Clostridium perfringens Delta-Toxin Damages the Mouse Small Intestine

Toxins 2019, 11(4), 232; https://doi.org/10.3390/toxins11040232
by Soshi Seike 1, Masaya Takehara 2, Keiko Kobayashi 2 and Masahiro Nagahama 2,*
Reviewer 1: Anonymous
Reviewer 2: Anonymous
Reviewer 3:
I-Hsiu Huang
Toxins 2019, 11(4), 232; https://doi.org/10.3390/toxins11040232
Submission received: 27 March 2019 / Revised: 8 April 2019 / Accepted: 17 April 2019 / Published: 22 April 2019
(This article belongs to the Collection Clostridium difficile/Clostridium sordellii and Clostridium perfringens Toxins)

Round 1

Reviewer 1 Report

The manuscript is well-written and the experiments are properly designed. The new data further strengthen their earlier works that showed Clostridium perfringens delta-toxin causes intestinal damage through disrupting E-cad barrier. I therefore recommend immediate publication. 


Author Response

Comments and Suggestions for Authors

The manuscript is well-written and the experiments are properly designed. The new data further strengthen their earlier works that showed Clostridium perfringens delta-toxin causes intestinal damage through disrupting E-cad barrier.
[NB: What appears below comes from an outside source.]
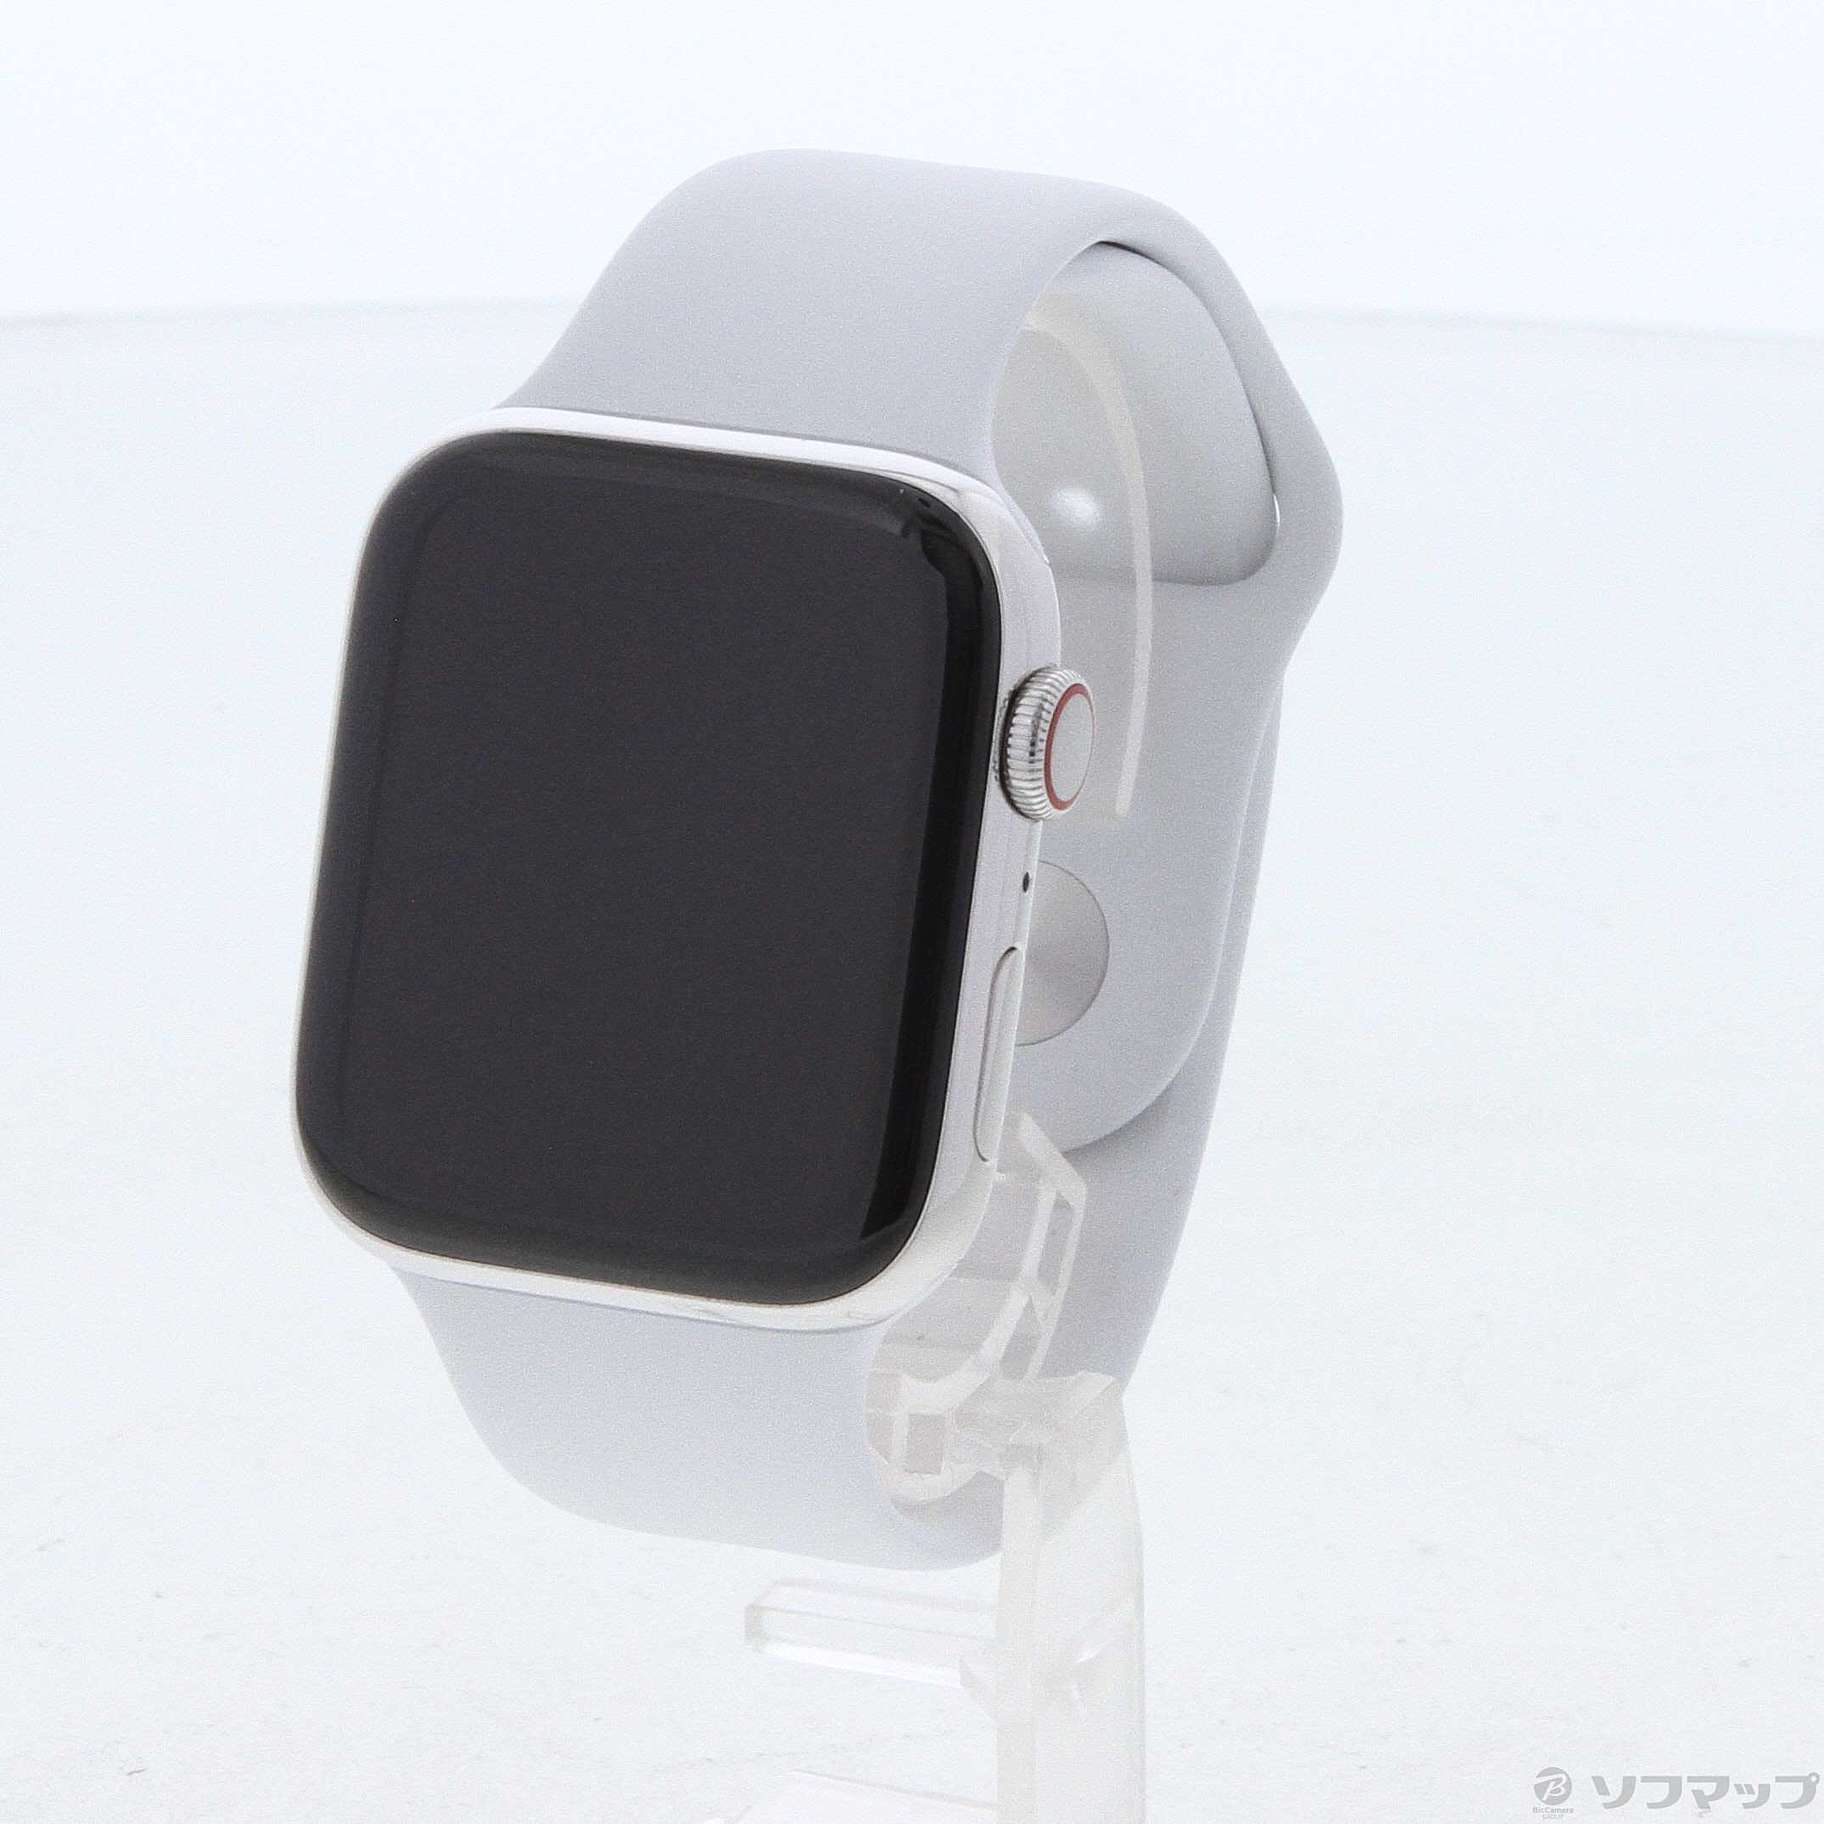 セール対象品 Apple Watch Series 4 GPS + Cellular 44mm ステンレススチールケース ホワイトスポーツバンド
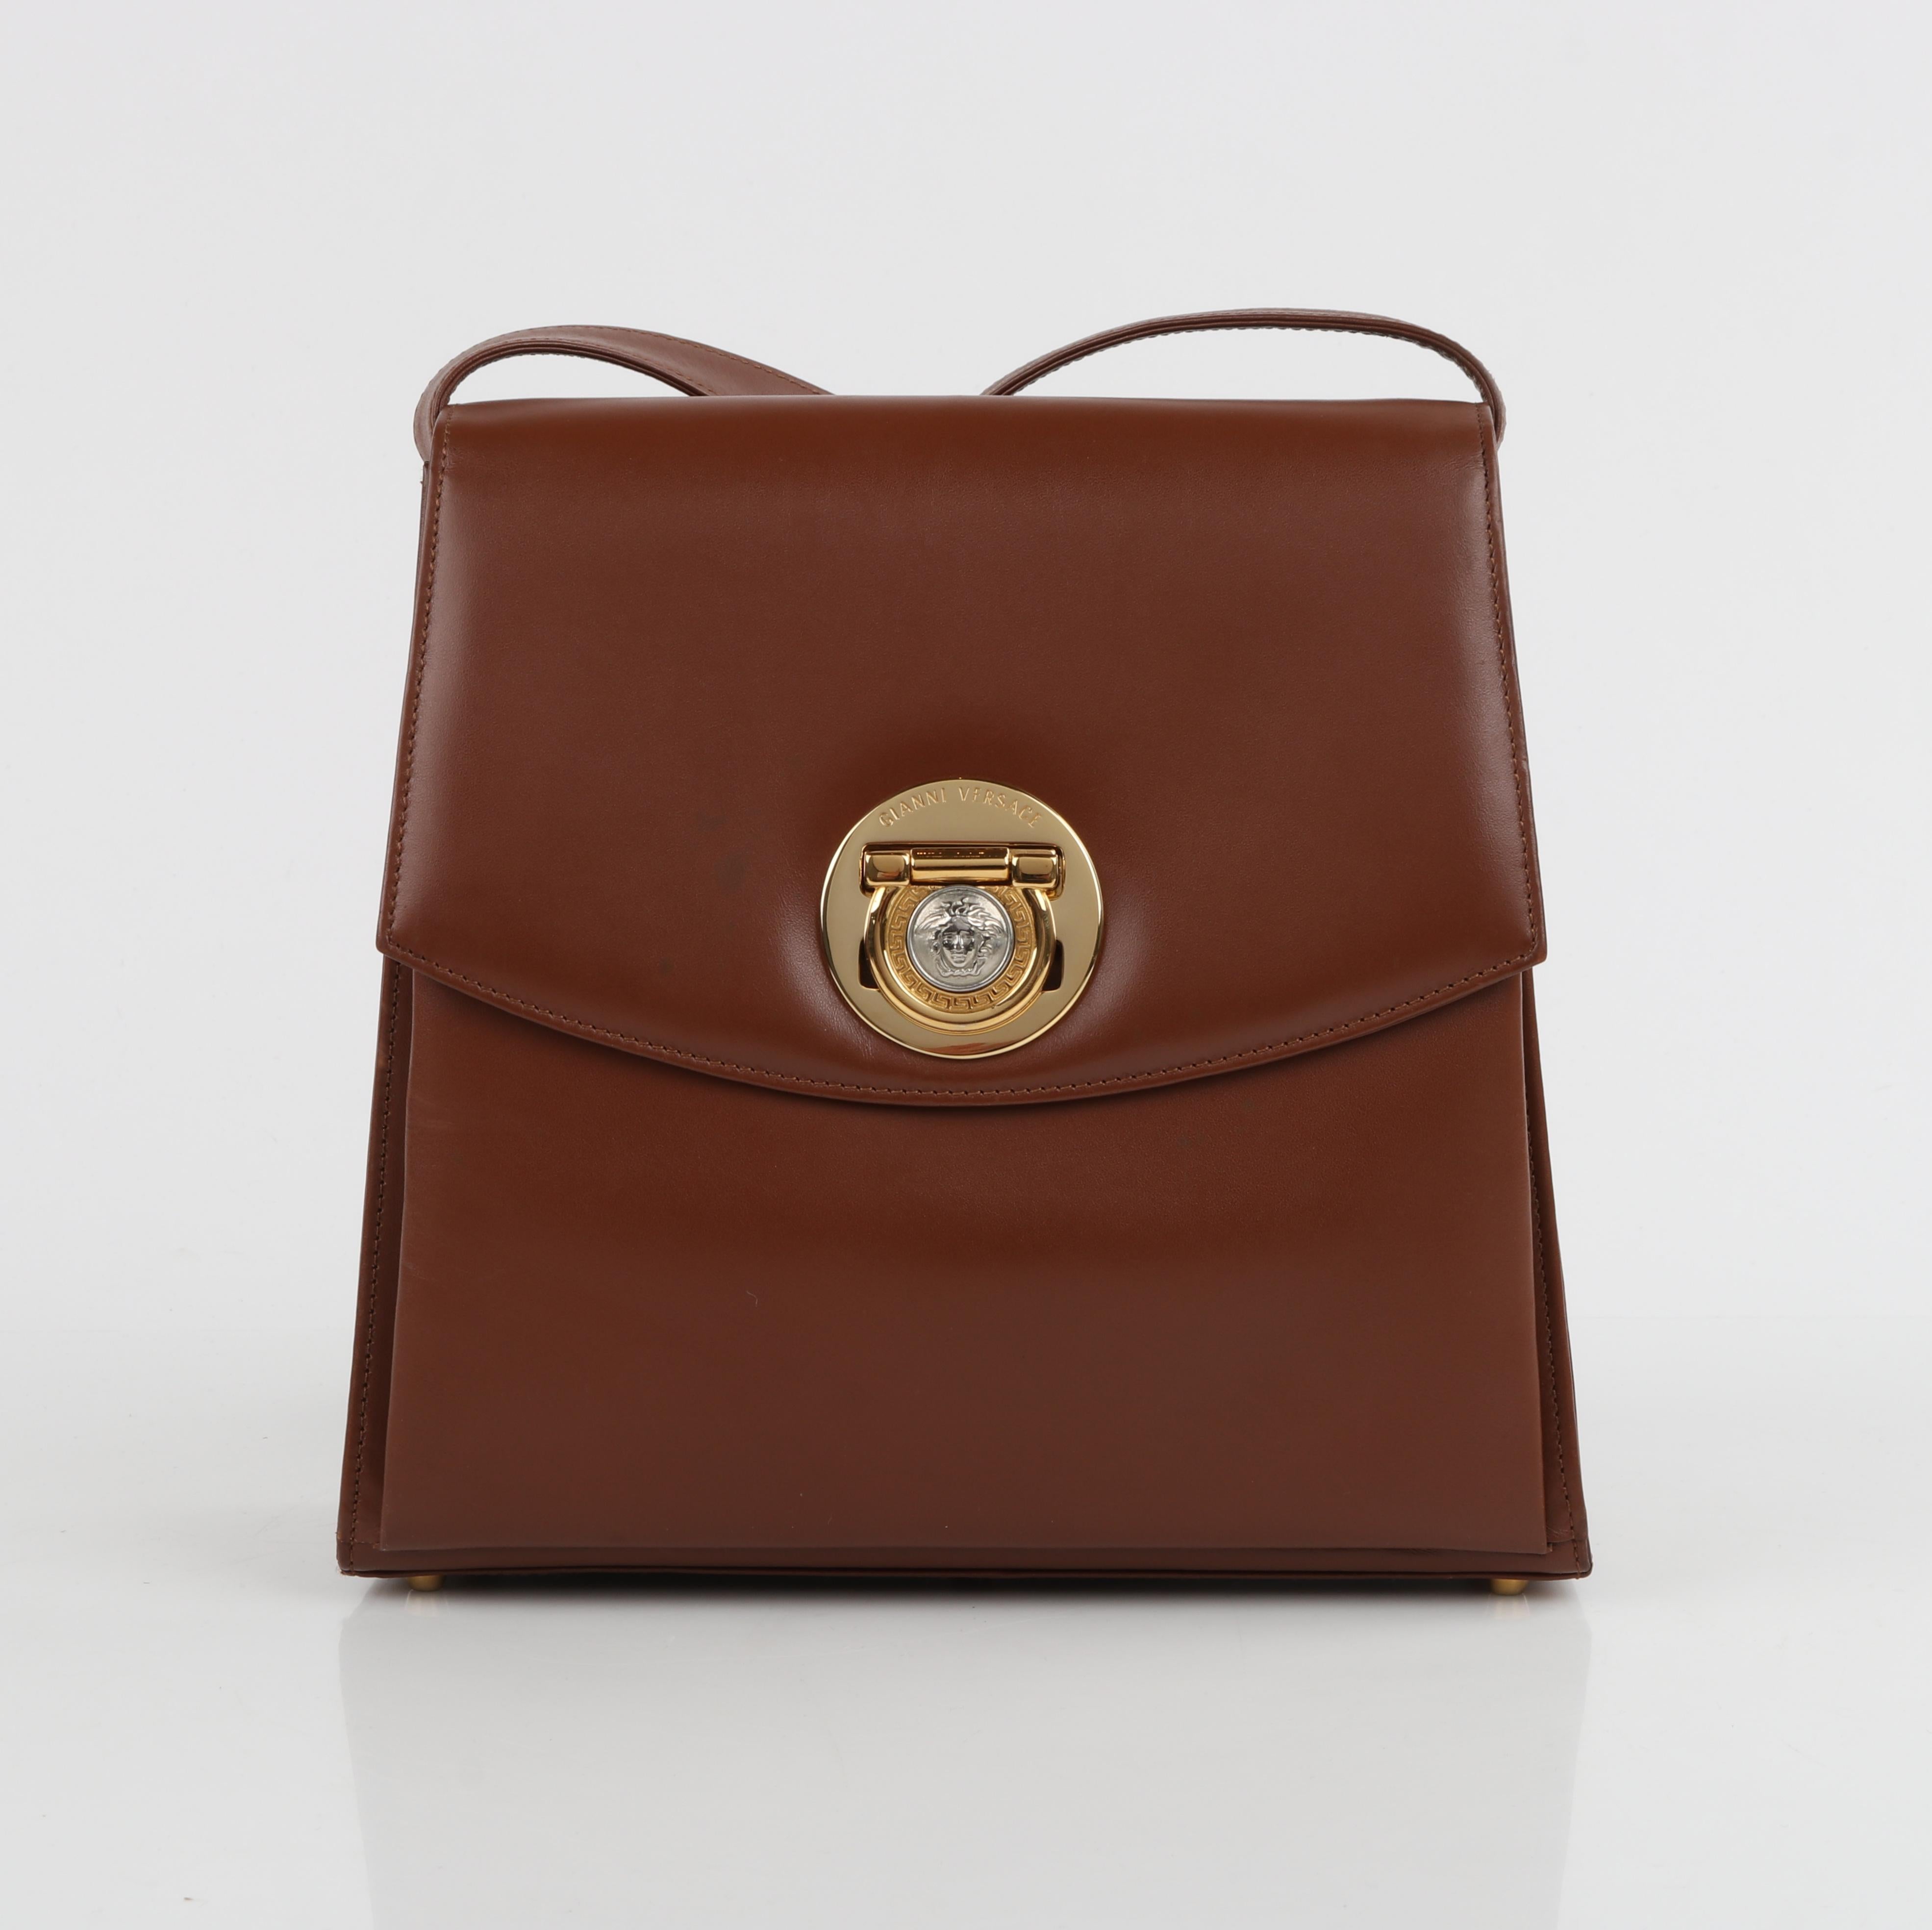 GIANNI VERSACE c.1993 Brown Leather Medusa Emblem Coin Lock Shoulder Bag Purse For Sale 4

I therefore recommend immediate publication. 


Answer. Thank you for your recommendation.


Reviewer 2 Report

The manuscript describes the pathological damage in the ileal loop and the small intestine induced by delta toxin. My main criticism is that the authors use trypsin inhibitor in their experiments. Obviously, in the “real world” this toxin is secreted to the lumen where trypsin and maybe other proteases are present, therefore call into question the relevance of these findings. The authors cited the 2008 paper which have also used TI for their experiments, yet in the cited paper they have indicated that without the addition of TI the toxin was not active. Thus, the authors should revise the manuscript and include an explanation in the results section (lines 59-70) to their decision to include the TI in their experiments and also add data to the activity of this toxin in the absence of TI, using the same in vivo system. The authors should also add a paragraph in the discussion section and discuss the relevance of TI in this system and how it simulate the “real world”, compare it to other manuscripts that included TI in their experiments and more.

More major comments:

-          Lines 128 – What was the author’s hypothesis that the pathological changes in the small intestinal villi will be different from the results obtained in the ileum sections?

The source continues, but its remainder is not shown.